____ Dataset excerpt

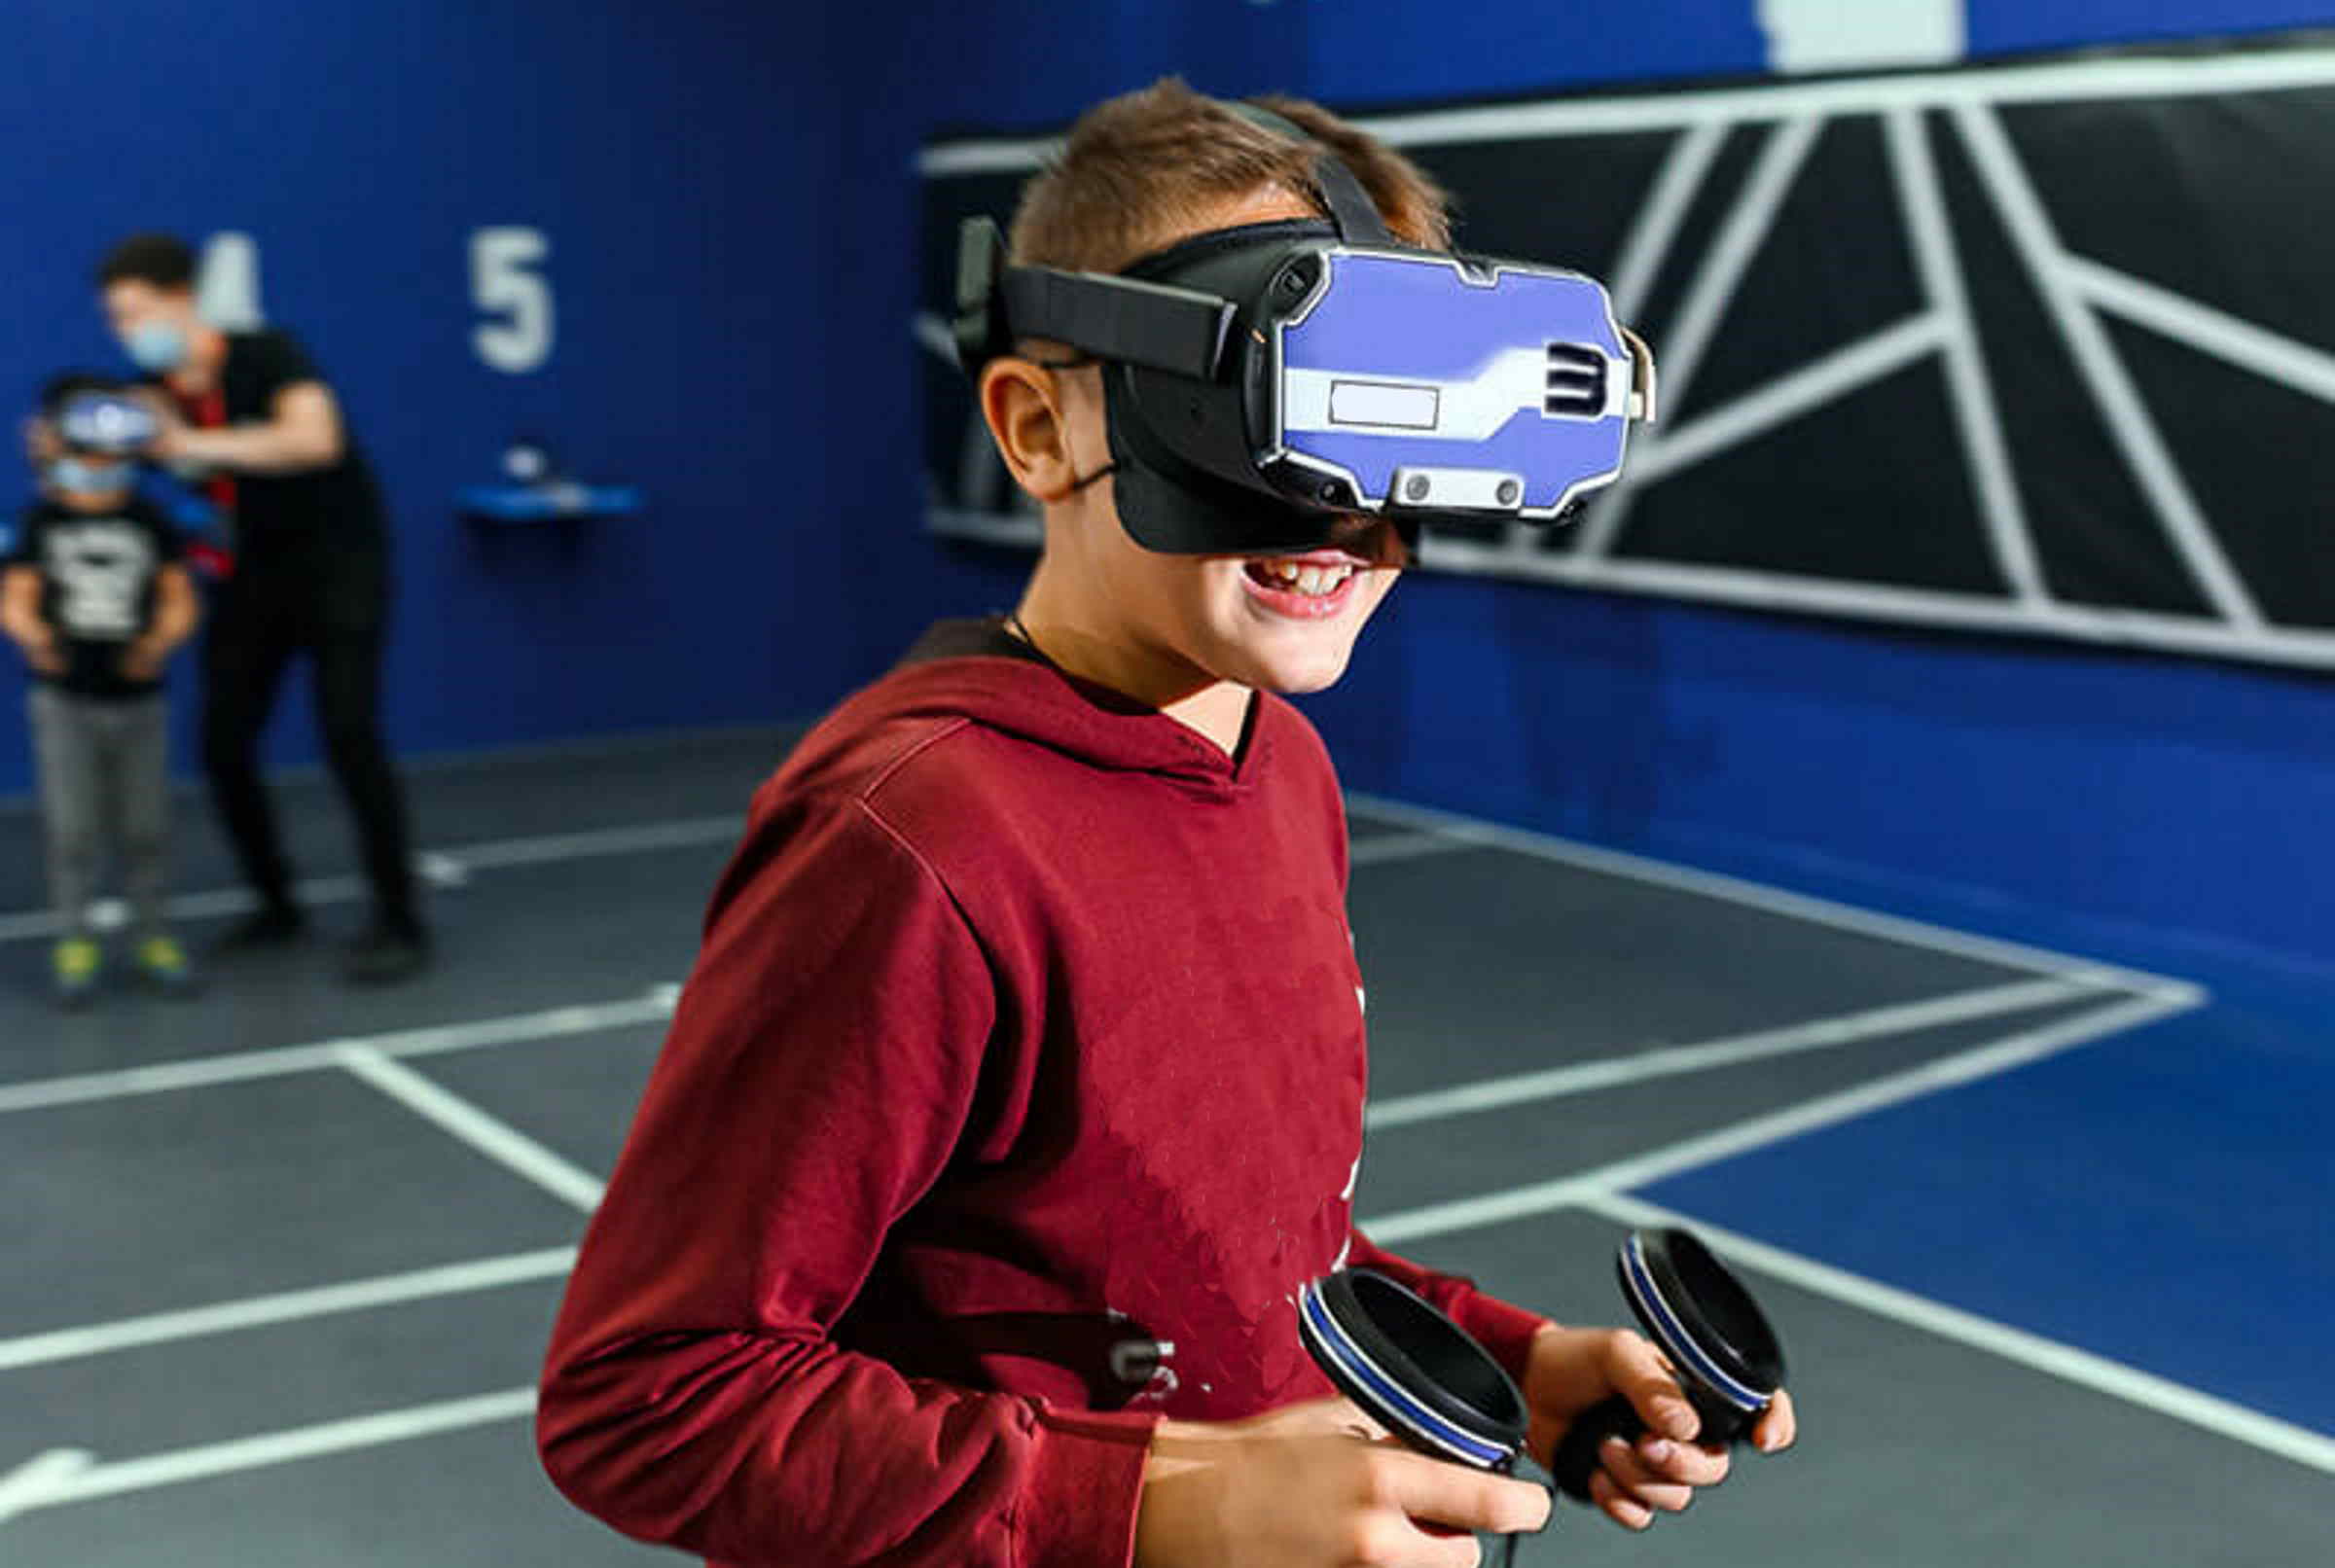 Vr арена warpoint. Виртуальная реальность WARPOINT. Варпоинт Арена виртуальной реальности. WARPOINT, Арена виртуальной реальности Тюмень. Виртуальная реальность на Arena VR.
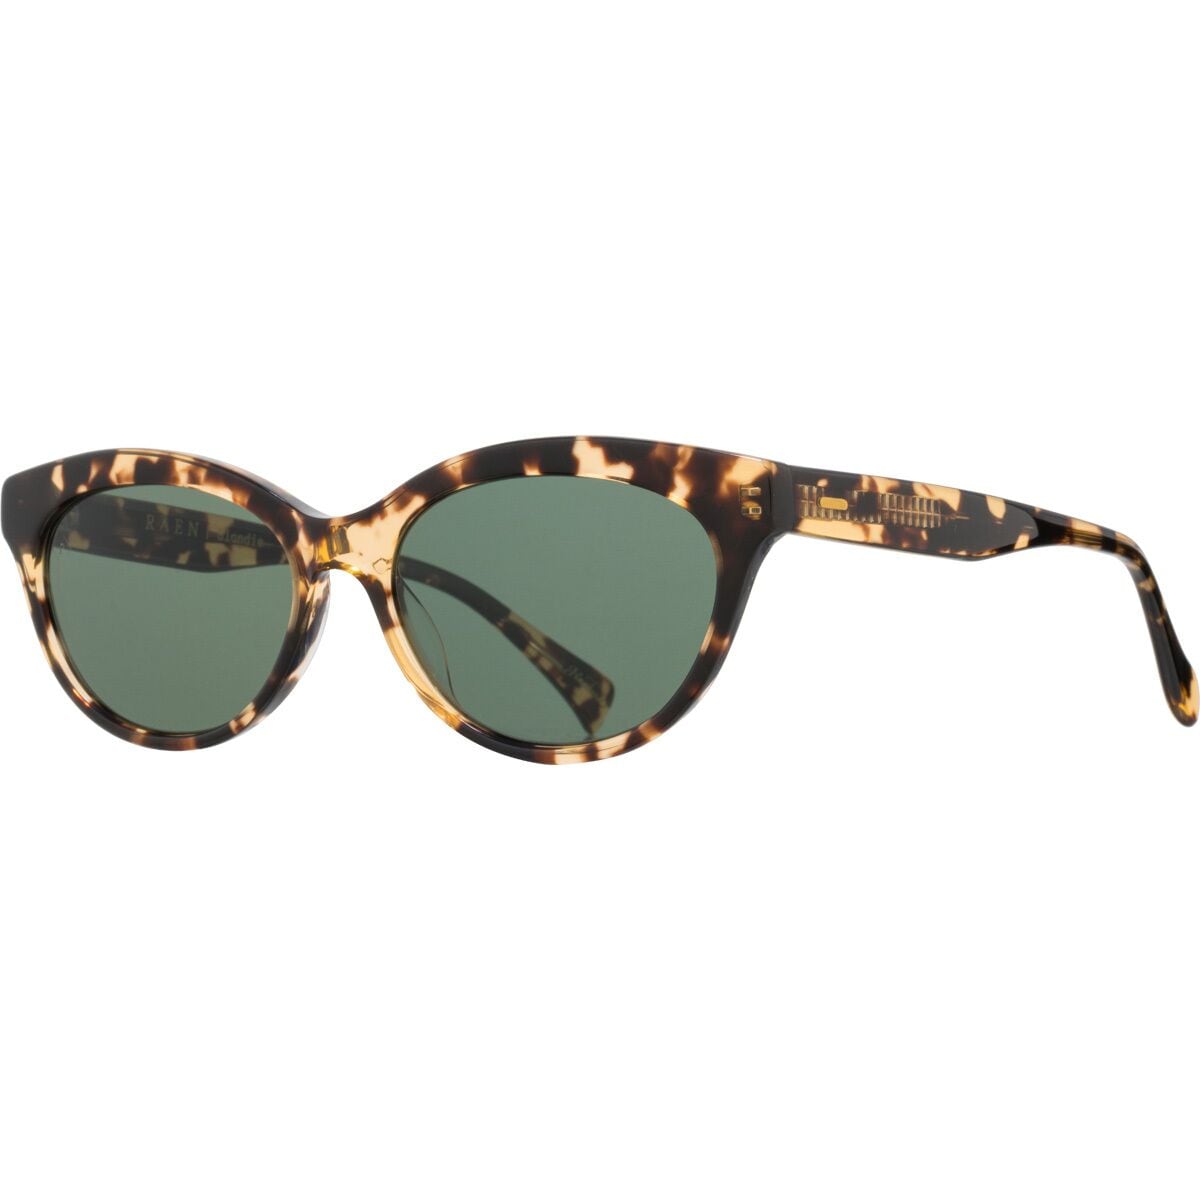 RAEN optics Blondie 54 Polarized Sunglasses
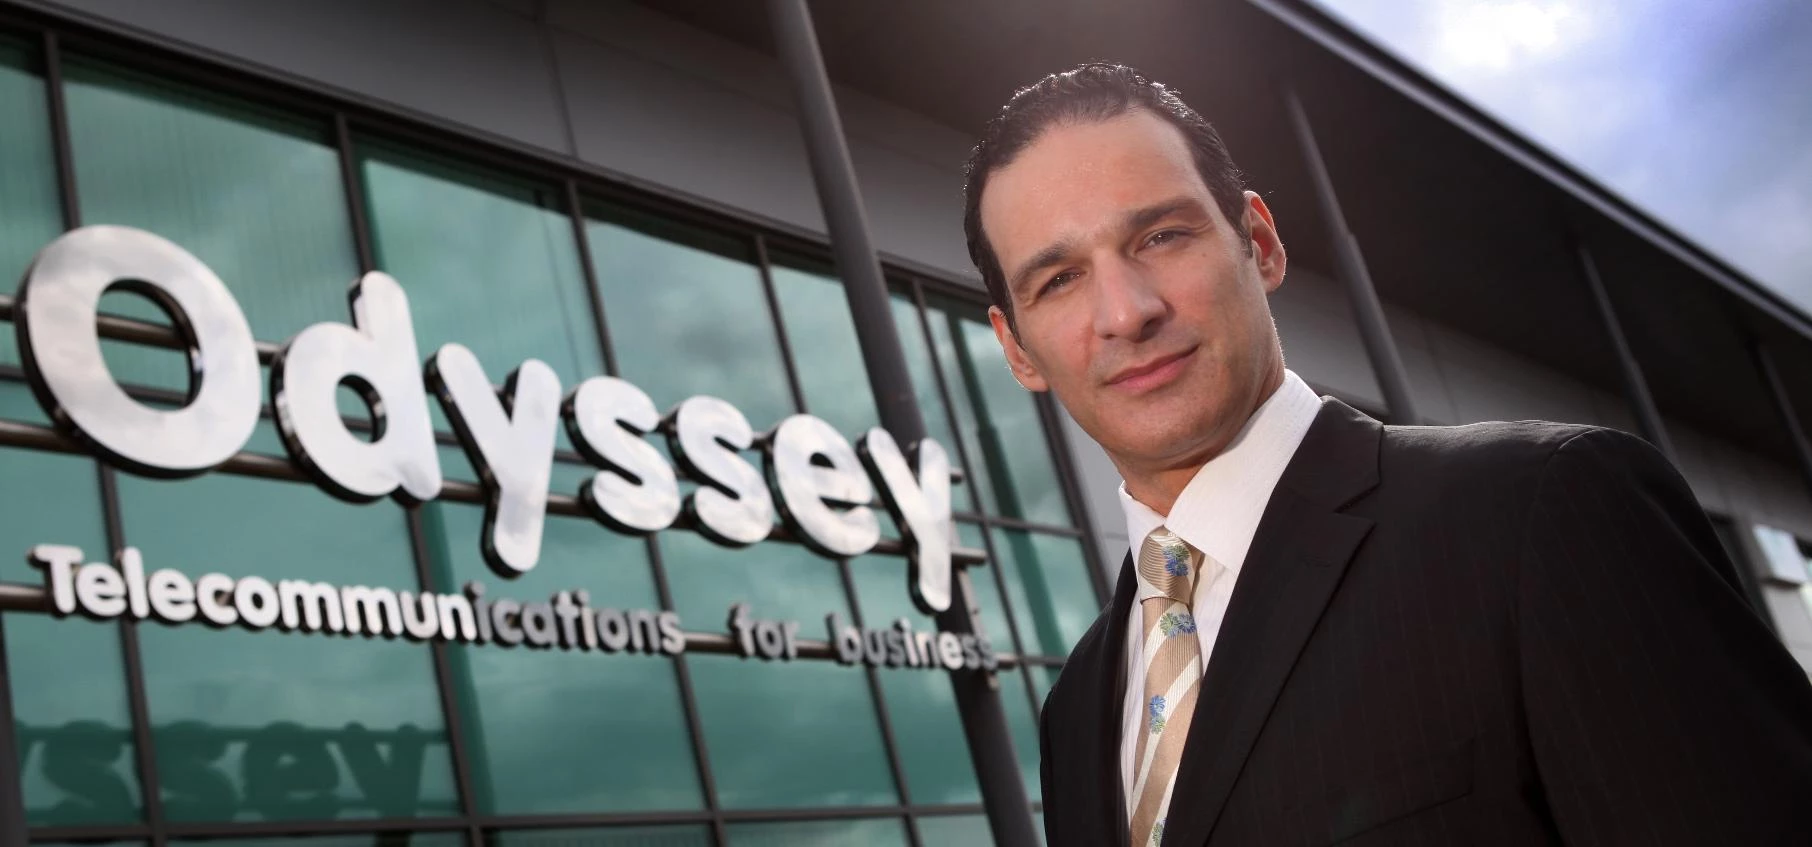 Odyssey Systems' managing director, Mike Odysseas

________

-- Exercise details --
A word-for-word copy of the listing is needed, with no pictures in it.

-- Solution for this problem --
 Vr арена warpoint. Виртуальная реальность WARPOINT. Варпоинт Арена виртуальной реальности. WARPOINT, Арена виртуальной реальности Тюмень. Виртуальная реальность на Arena VR.
 RAEN optics Blondie 54 Polarized Sunglasses
 Odyssey Systems' managing director, Mike Odysseas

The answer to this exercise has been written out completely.